The attention mechanism is often explained using a **Retrieval System** analogy (like a database or a search engine).

For every token in the sequence (e.g., "bank"), we generate three vectors:
1.  **Query ($Q$)**: *What am I looking for?* (e.g., "I need context to understand if I mean 'river bank' or 'money bank'.")
2.  **Key ($K$)**: *What do I contain?* (e.g., "I am the word 'river'.")
3.  **Value ($V$)**: *What information do I pass along?* (e.g., "I am a nature-related noun.")


**Score**: The Query matches against all Keys. If $Q_{\text{bank}}$ matches $K_{\text{river}}$ well, the score is high.

This results in a new vector for "bank" that is heavily enriched with the concept of "river".

The formula for Scaled Dot-Product Attention is:

$$
\text{Attention}(Q, K, V) = \text{softmax}\left(\frac{QK^T}{\sqrt{d_k}}\right)V
$$

* $QK^T$: Dot product similarity between Queries and Keys.
* $\sqrt{d_k}$: Scaling factor to prevent gradients from vanishing in the Softmax.
* Softmax: Converts raw scores to probabilities summing to 1.
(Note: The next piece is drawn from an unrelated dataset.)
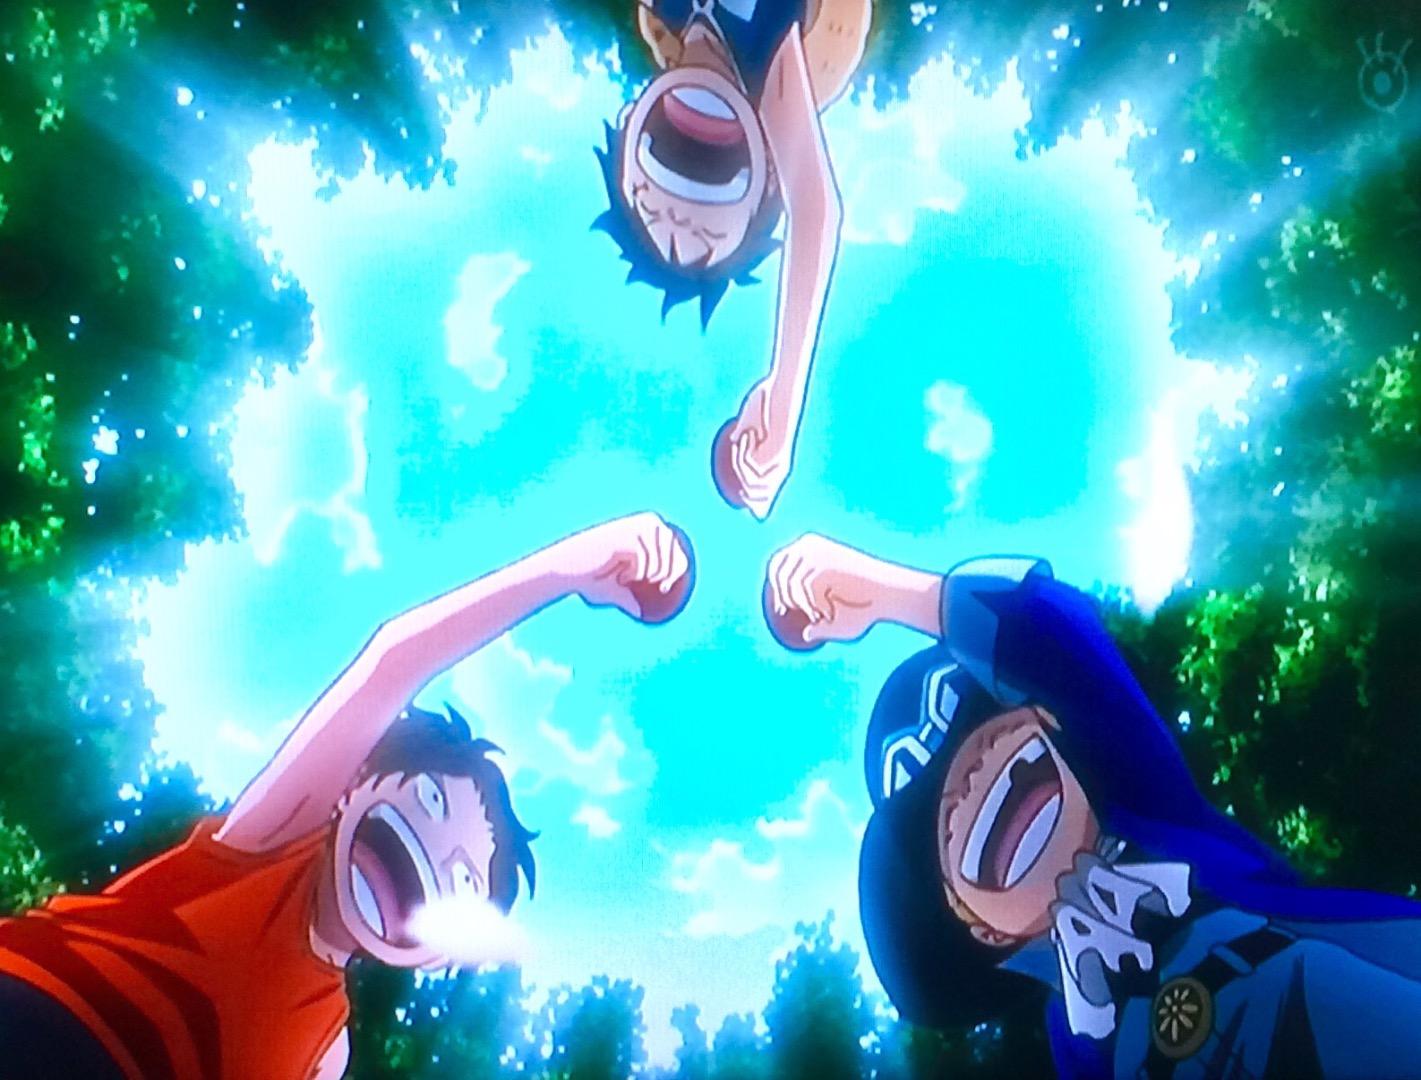 ほとんどのダウンロード One Piece サボ 壁紙 Opokabegami

### Efficient Multi-Head Attention

BERT uses **12 attention heads**. This allows the model to focus on different aspects of language simultaneously (e.g., Head 1 could focus on grammar, Head 2 on vocabulary, Head 3 on sentence structure, etc.).

**Naive Implementation (Slow):**
Creating 12 separate `nn.Linear` layers and looping over them is inefficient because GPUs prefer large matrix operations over many small ones.

**Vectorized Implementation (Fast):**
We use **one giant matrix** for all heads and then use tensor reshaping to split them virtually.

1.  **Project:** Multiply input $x$ (size 768) by a large weight matrix $W^Q$ (size $768 \times 768$).
2.  **Reshape:** Split the result into 12 chunks of size 64.
    * Shape change: `[Batch, Seq, 768]` $\to$ `[Batch, Seq, 12, 64]`
3.  **Permute:** Swap axes so "Heads" is its own dimension.
    * Shape change: `[Batch, 12, Seq, 64]`

Now, a single matrix multiplication `matmul` computes attention for all 12 heads in parallel.